_Records supplied:_
-- -- --

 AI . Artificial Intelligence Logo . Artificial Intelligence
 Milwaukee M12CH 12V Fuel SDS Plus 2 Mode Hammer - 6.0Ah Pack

-- -- --

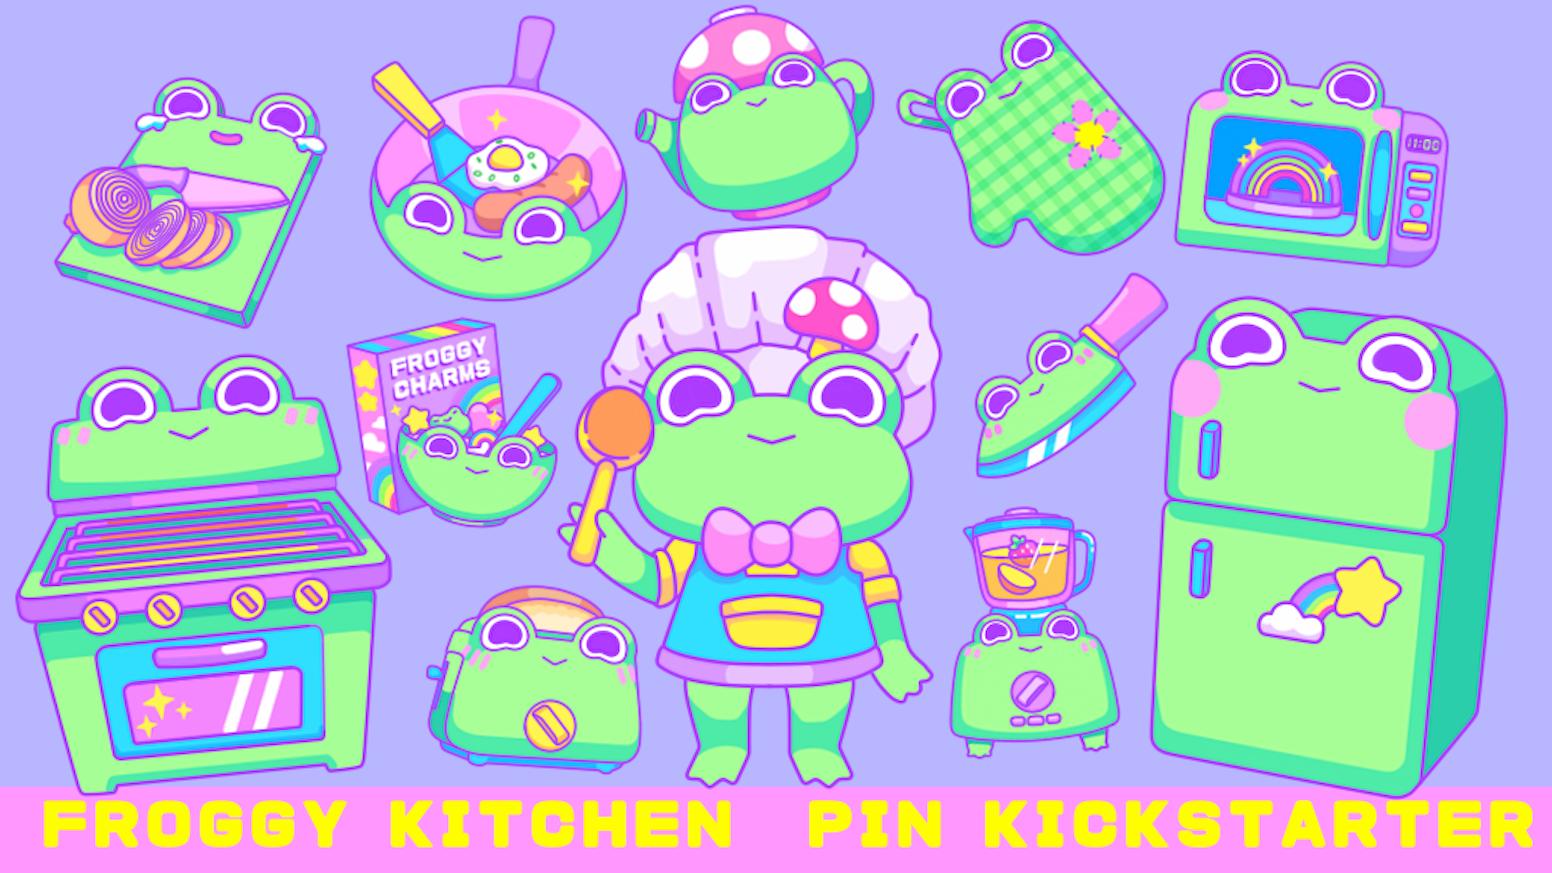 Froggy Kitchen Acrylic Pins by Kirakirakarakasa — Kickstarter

-- -- --

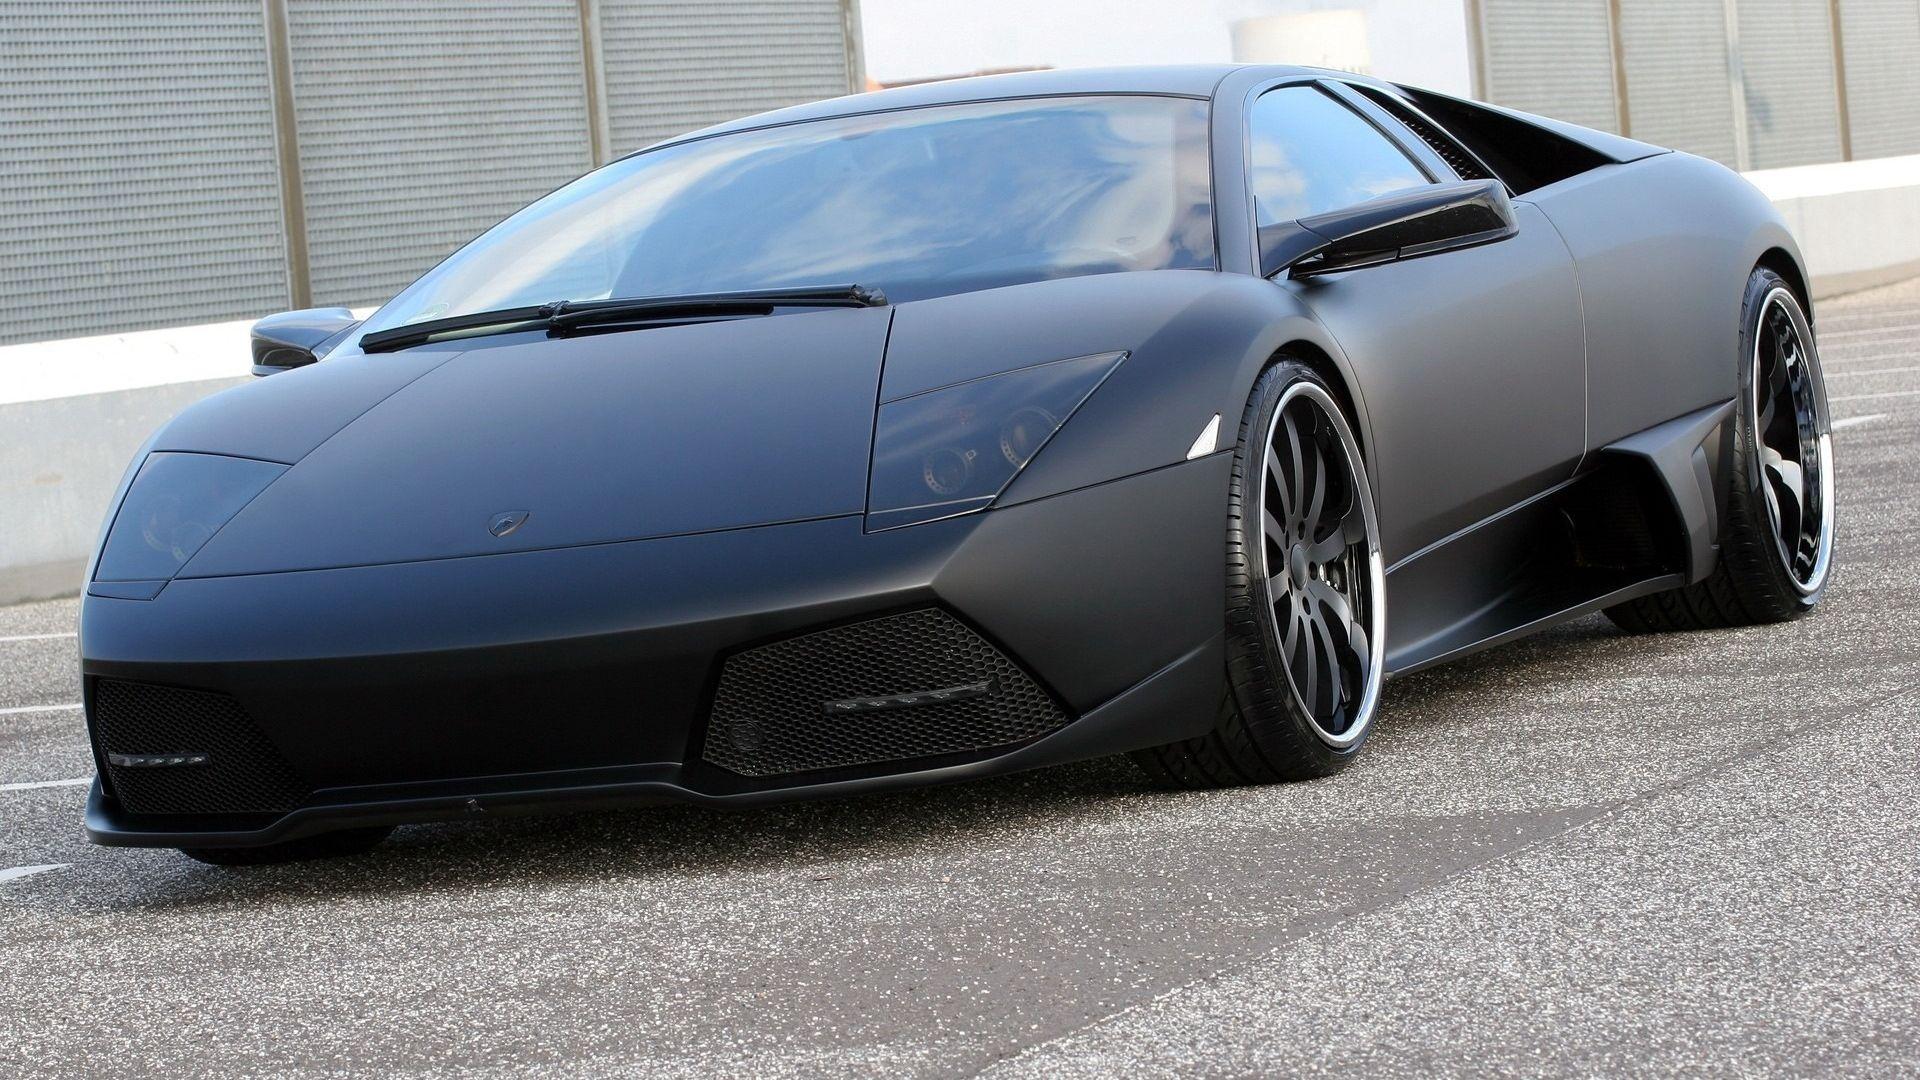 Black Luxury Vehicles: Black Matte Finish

-- -- --

_Exercise aim:_ Out of the listing above, reproduce exactly the lines from the one with "AI . Artificial" up to and including the one with "Milwaukee M12CH 12V".

_Your response:_
 AI . Artificial Intelligence Logo . Artificial Intelligence
 Milwaukee M12CH 12V Fuel SDS Plus 2 Mode Hammer - 6.0Ah Pack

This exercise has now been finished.